# Age requirement for FM2 Rentista Visa?



## gemdomer (Sep 14, 2011)

Does anyone know if there is a minimum age requirement for the FM2 Rentista visa? I keep reading that it is a retiree visa but on the INM website, there is no mention of a minimum age.

My husband and I have been living in Mexico for a few years on FM3 and FM2 visas - I have a "cargo de confianza" visa with my company. My husband has his own company developing mobile applications, and he works from home. The plan is to eventually quit my job and work with him on his company full-time. He is paid in USD into his US bank account. The visa category that makes the most sense is the Rentista, since we will be living on income earned outside Mexico. We are in our 30's. Has anyone tried this or know of anyone younger than retirement age on a Rentista visa?


----------



## DNP (May 3, 2011)

gemdomer said:


> Does anyone know if there is a minimum age requirement for the FM2 Rentista visa? I keep reading that it is a retiree visa but on the INM website, there is no mention of a minimum age.
> 
> My husband and I have been living in Mexico for a few years on FM3 and FM2 visas - I have a "cargo de confianza" visa with my company. My husband has his own company developing mobile applications, and he works from home. The plan is to eventually quit my job and work with him on his company full-time. He is paid in USD into his US bank account. The visa category that makes the most sense is the Rentista, since we will be living on income earned outside Mexico. We are in our 30's. Has anyone tried this or know of anyone younger than retirement age on a Rentista visa?
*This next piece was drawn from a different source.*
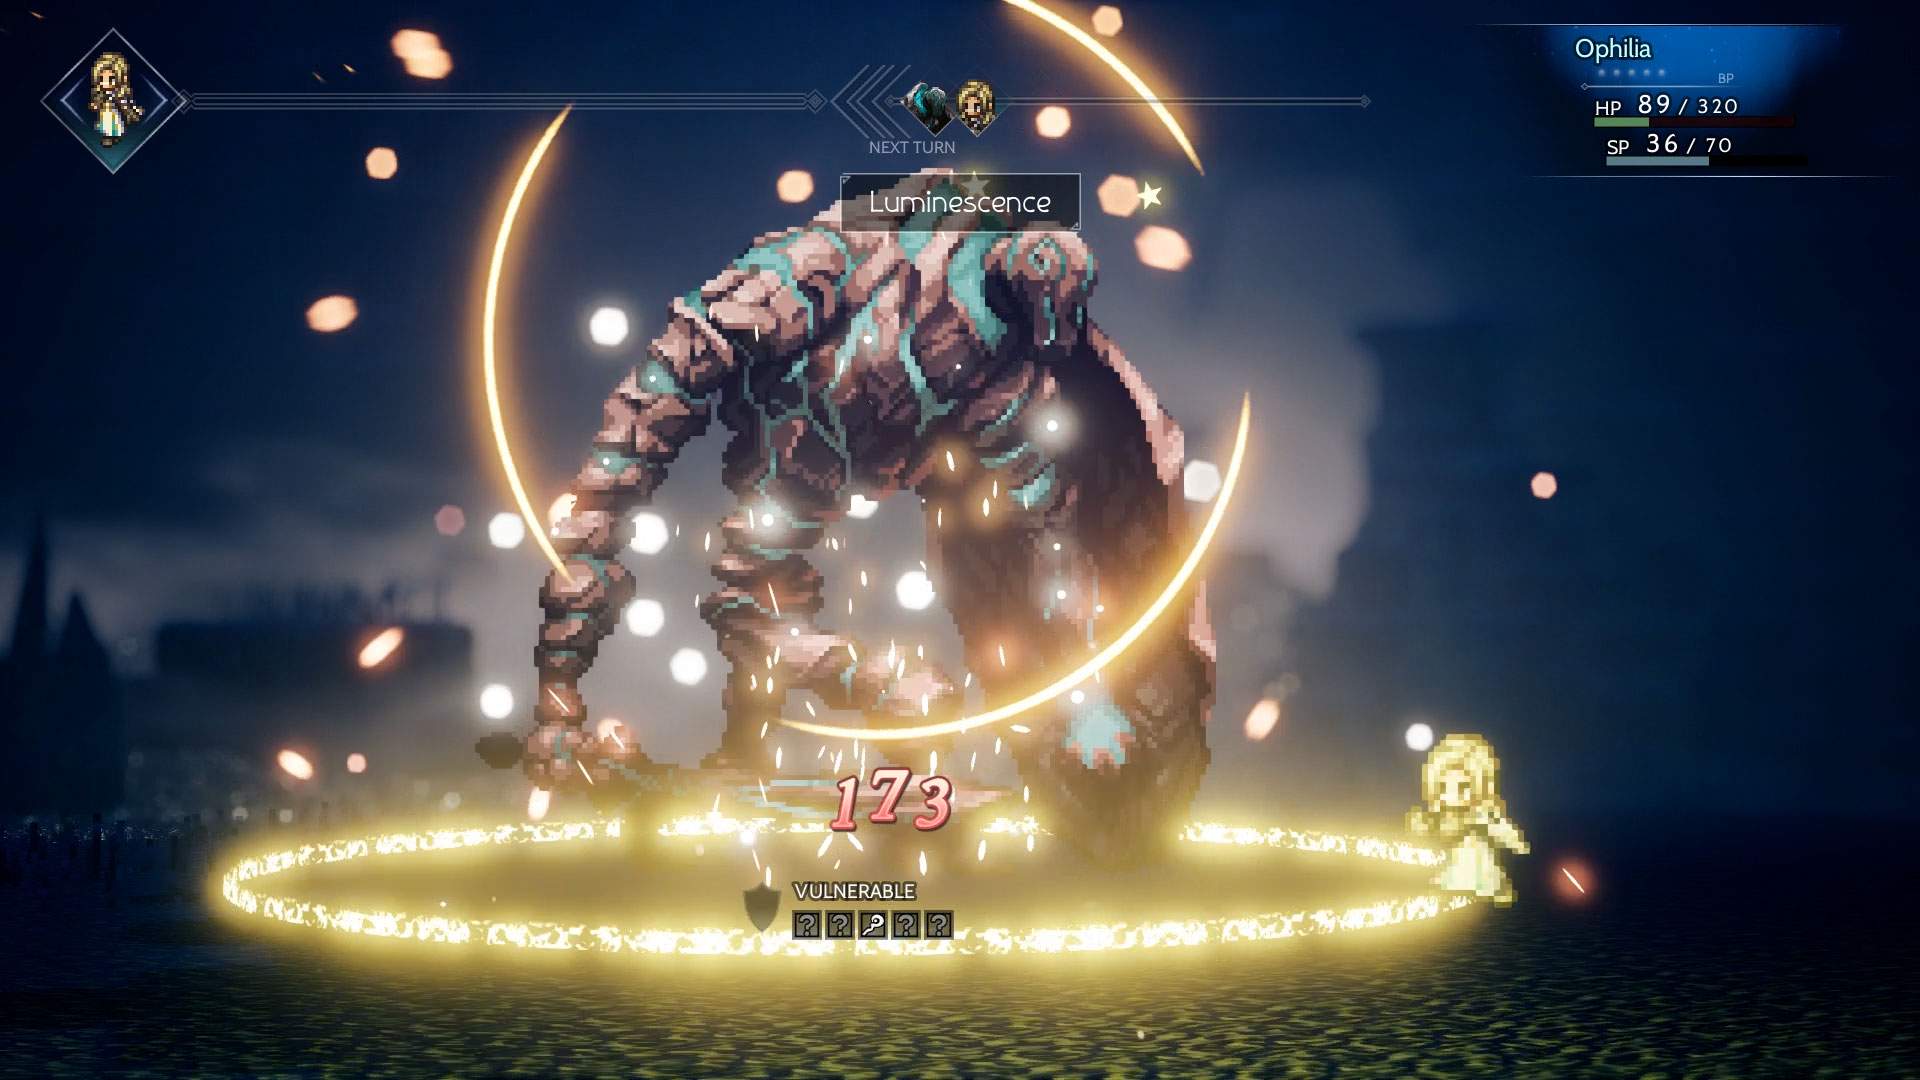 Der Screenshot zeigt Ophilia, die in einer düsteren Umgebung einen Angriff gegen ein großes Monster ausführt.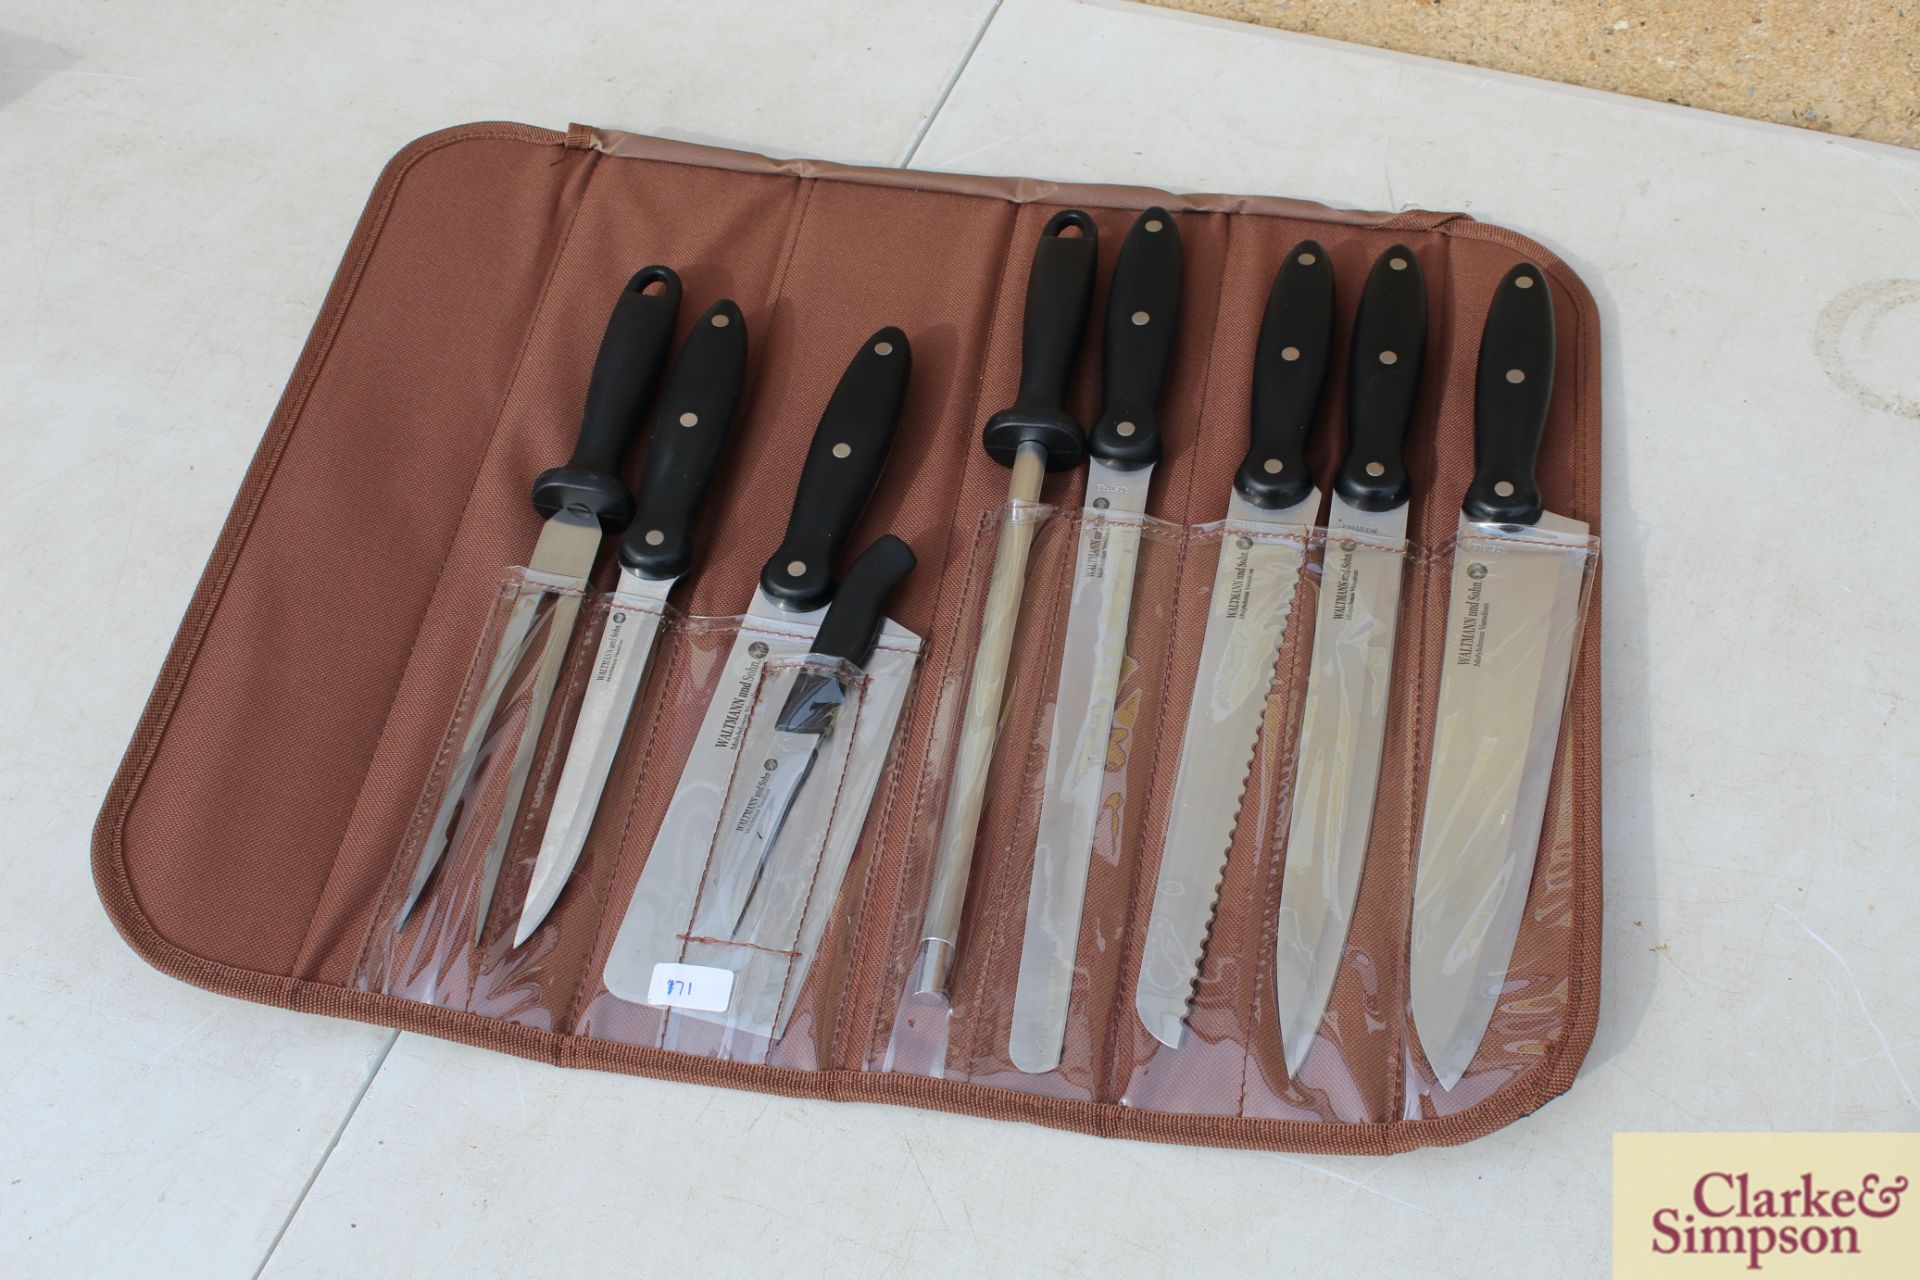 9 piece knife set in bag. *

I think of a retiree as someone who has chosen not work any more and isn't simply unemployed. These people aren't dependents either, children, for example. I also think of retirees who are able to live off of their own resources, without being a burden on their families or friends.

Within these parameters, there's probably no age requirement for visa purposes.

I'm sure there's more, but I don't see an age requirement for retirees either.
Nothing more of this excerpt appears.